El Partido Socialista francés recibió hoy un duro castigo por la política impopular del presidente Hollande, convirtiéndose la derechista UMP en la primera fuerza con un importante avance del ...
La socialista Anne Hidalgo celebra su triunfo en los comicios a la alcaldía de París ante el ayuntamiento de la capital francesa
La socialista Anne Hidalgo celebra su triunfo en los comicios a la alcaldía de París ante el ayuntamiento de la capital francesa (AFP)

París

El Partido Socialista (PS) francés recibió hoy un duro castigo en las elecciones municipales, la primera cita electoral desde la llegada de François Hollande a la Presidencia, aunque logró conservar el Ayuntamiento de París y la franco-española Anne Hidalgo se convertirá en la primera alcaldesa de la capital. Jean-Marc Ayrault, primer ministro -al menos- hasta el inminente cambio de gobierno que se espera anuncie mañana Hollande, dio cuenta de esa derrota con una lectura en clave nacional, motivada por las "reformas sin precedentes" de sus dos años de Gobierno, que requieren "coraje" antes de que "den sus frutos".
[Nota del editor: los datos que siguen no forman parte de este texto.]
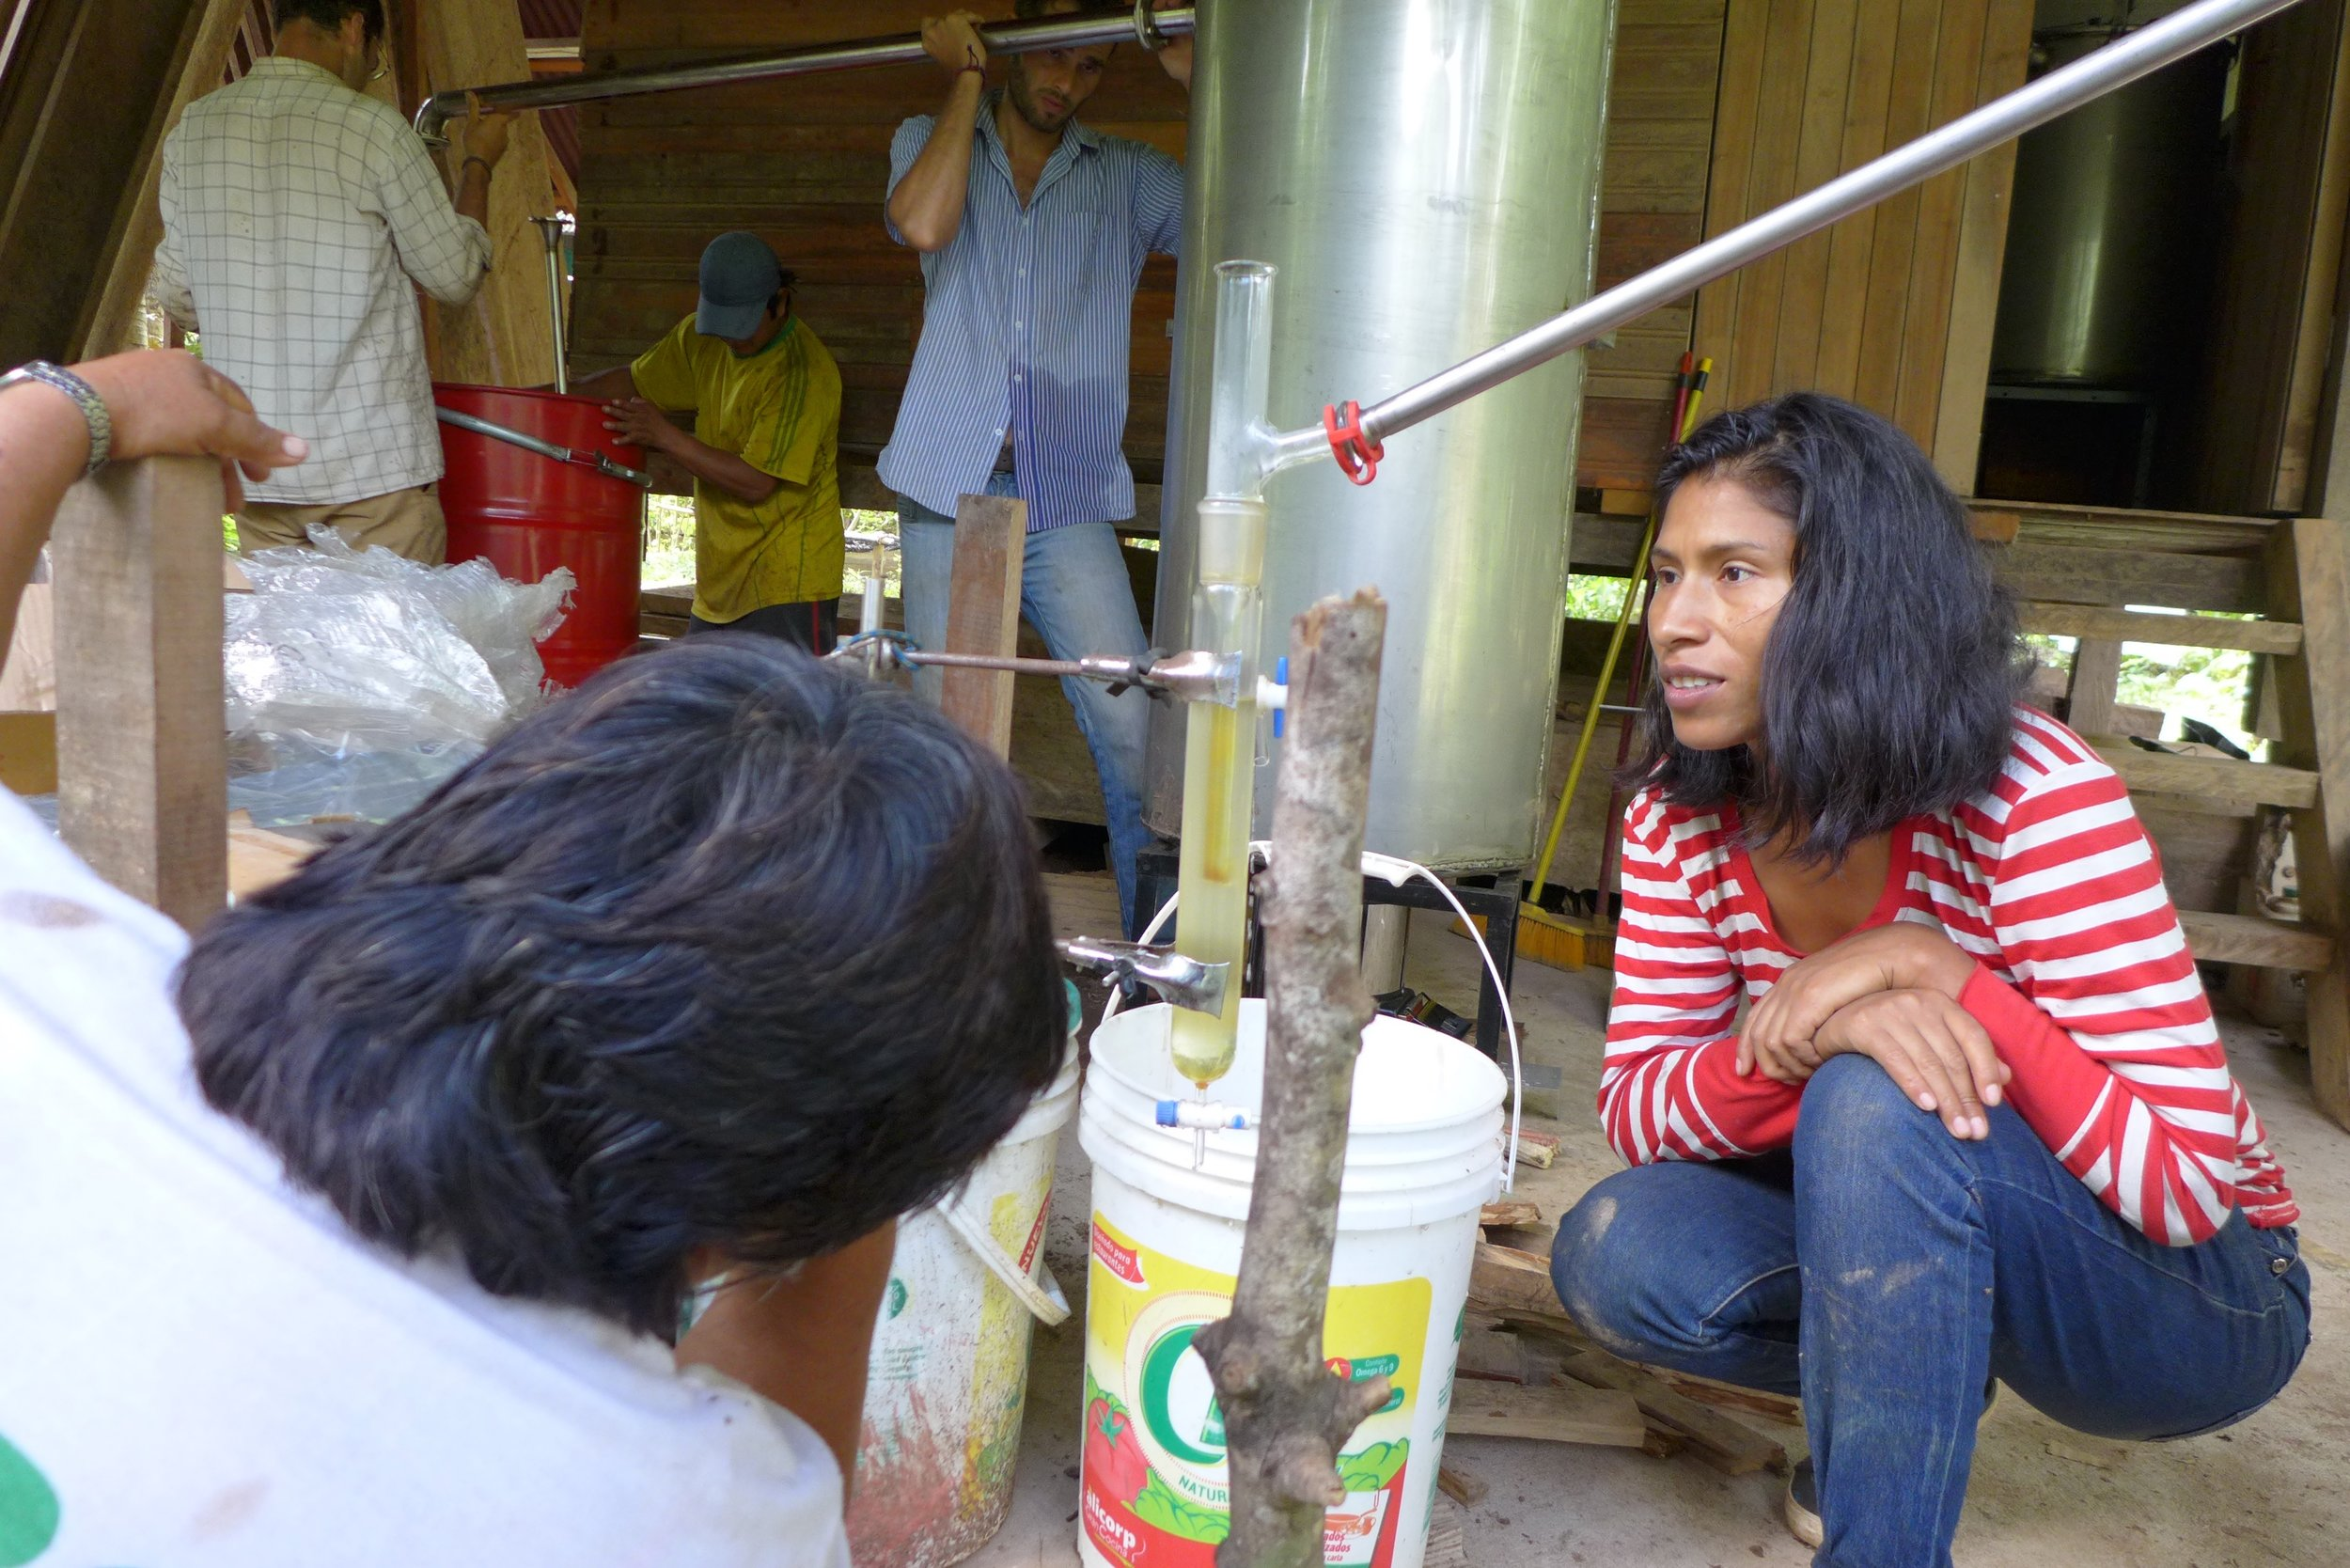 Distilling essential oil

"El mensaje es claro. Debe ser plenamente entendido", dijo Ayrault, quien asumió su parte de culpa en una "responsabilidad colectiva" marcada por el "significativo desafecto" de quienes dieron su voto a los socialistas en las elecciones presidenciales y legislativas de 2012. Entre los posibles candidatos para sustituirlo figura el ministro del Interior, Manuel Valls, de 51 años, nacido en Barcelona, conocido por su firmeza en cuestiones de seguridad y muy popular según las últimas encuestas. El cambio de gobierno sería el primero del mandato de François Hollande, que corre hasta 2017.
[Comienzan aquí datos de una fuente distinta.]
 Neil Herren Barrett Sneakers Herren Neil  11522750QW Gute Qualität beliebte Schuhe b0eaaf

Los comicios municipales, celebrados a dos vueltas hoy y el pasado domingo y marcados por una abstención histórica de cerca del 38.5 %, han arrojado un balance muy favorable para el centroderecha, que recupera el terreno perdido en 2008, y un resultado histórico para el ultraderechista Frente Nacional (FN).
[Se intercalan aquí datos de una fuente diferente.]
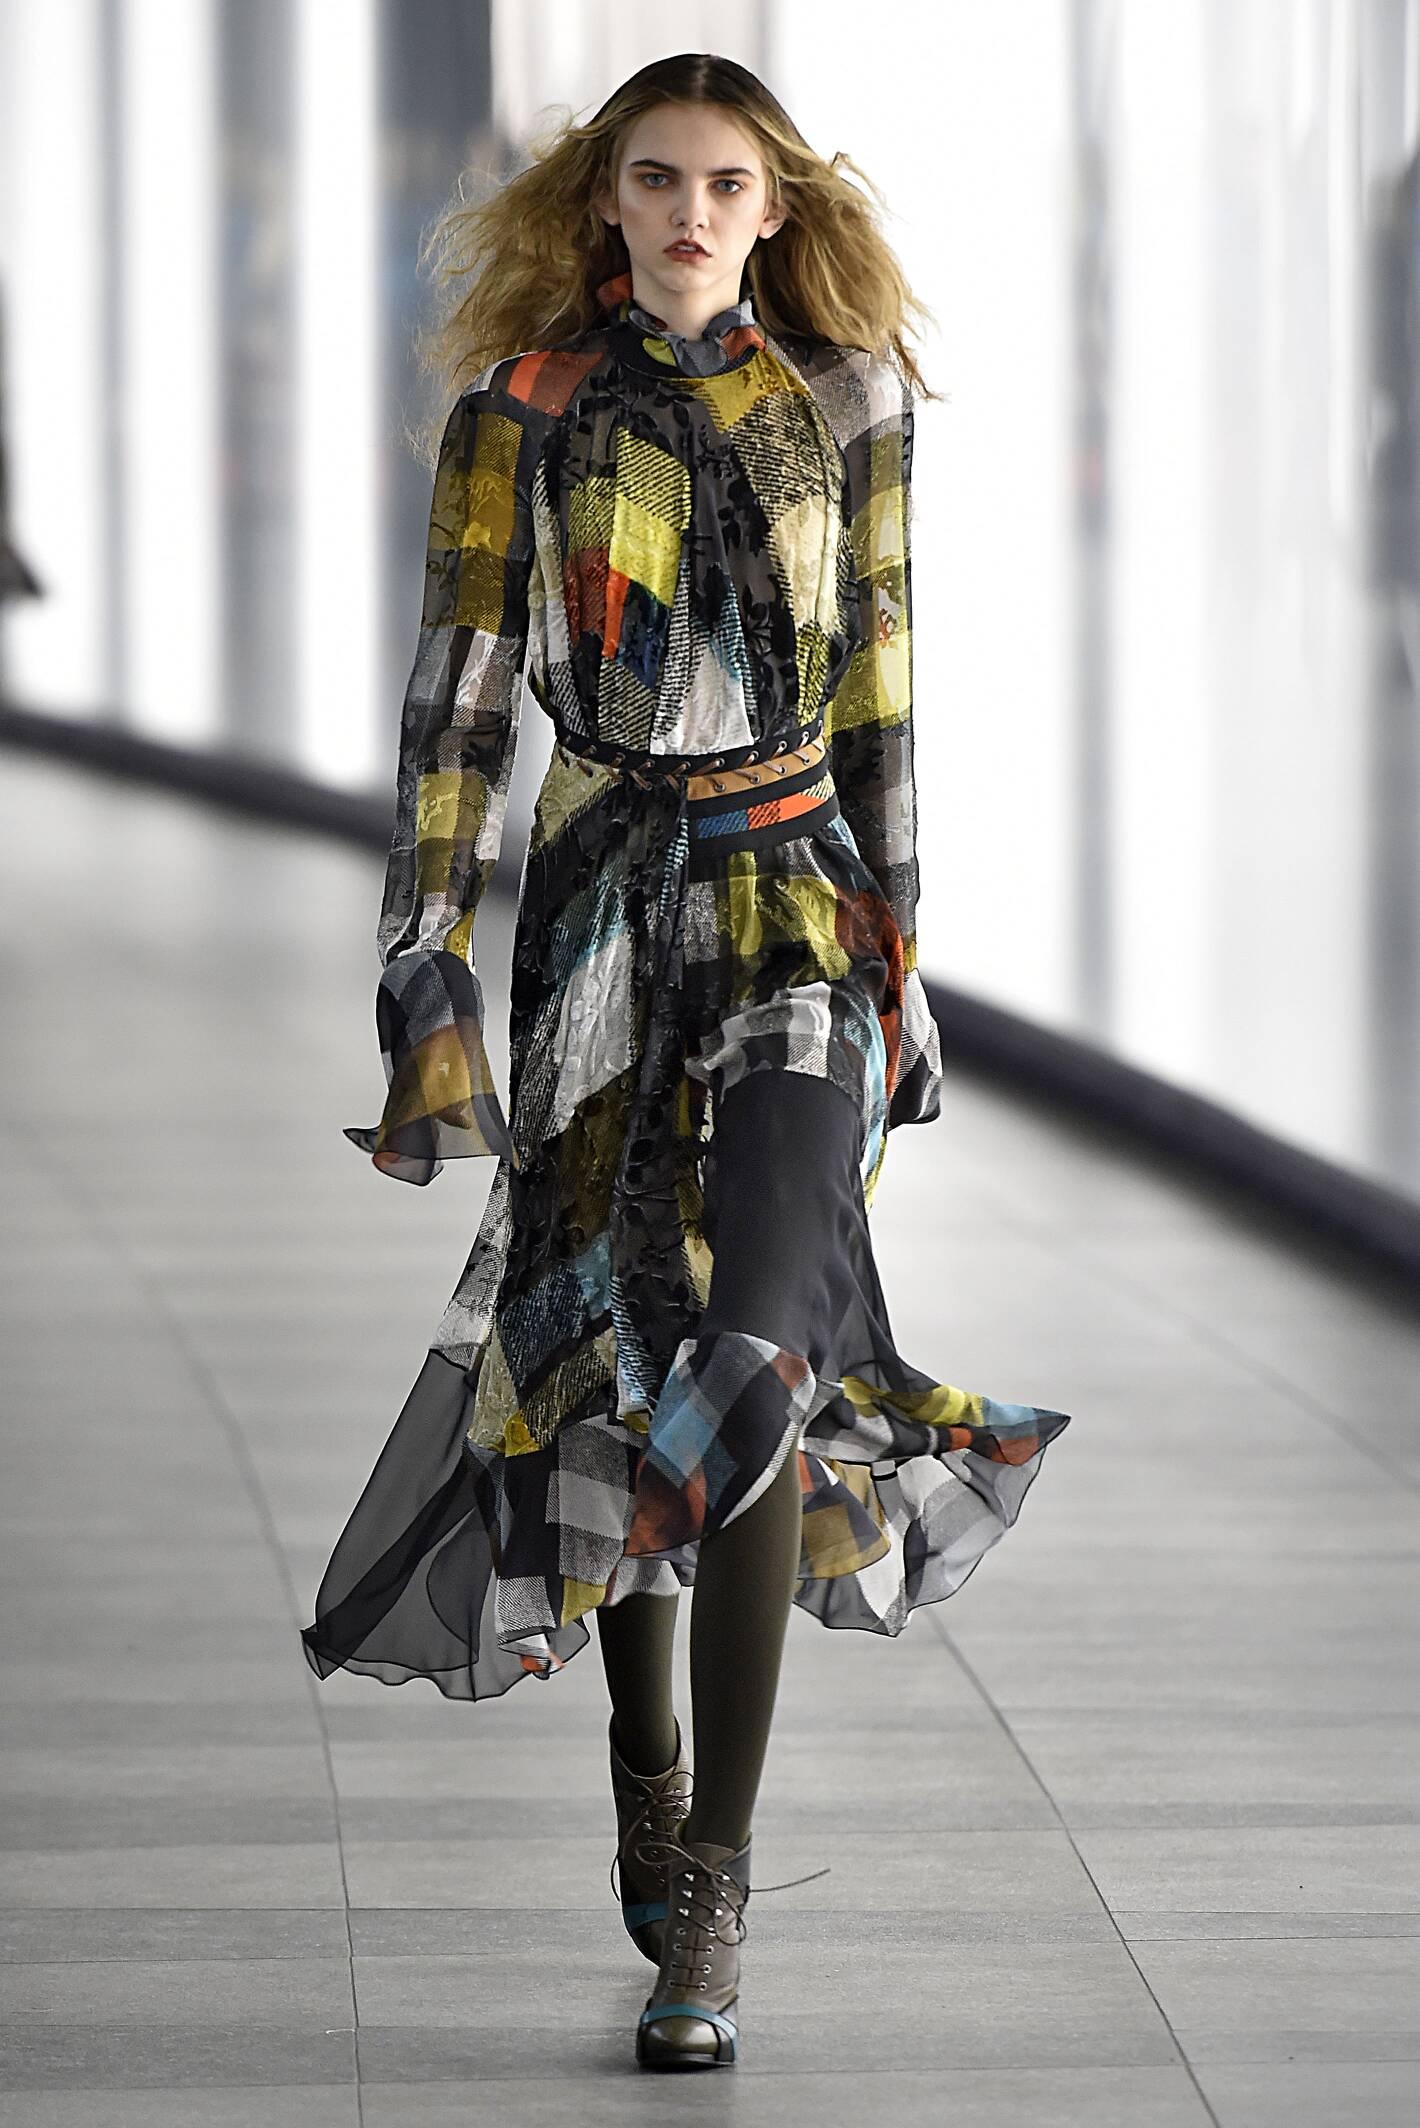 Fall Fashion Woman Preen by Thornton Bregazzi Collection

El centroderecha habría conseguido el 45.1 por ciento de los votos, la izquierda el 40.5 %, la extrema derecha el 6.85 y la extrema izquierda el 0.06 %, según los resultados del Ministerio del Interior, aún no definitivos. Diez ciudades de más de cien mil habitantes pasarán de la izquierda a la derecha, al igual que 40 municipios de 30 mil a cien mil residentes. Además, la Unión por un Movimiento Popular (UMP), primer partido de la oposición y aliado en las urnas con los centristas del MoDem y del UDI, logró arrebatarle al PS 105 localidades de más de nueve mil censados.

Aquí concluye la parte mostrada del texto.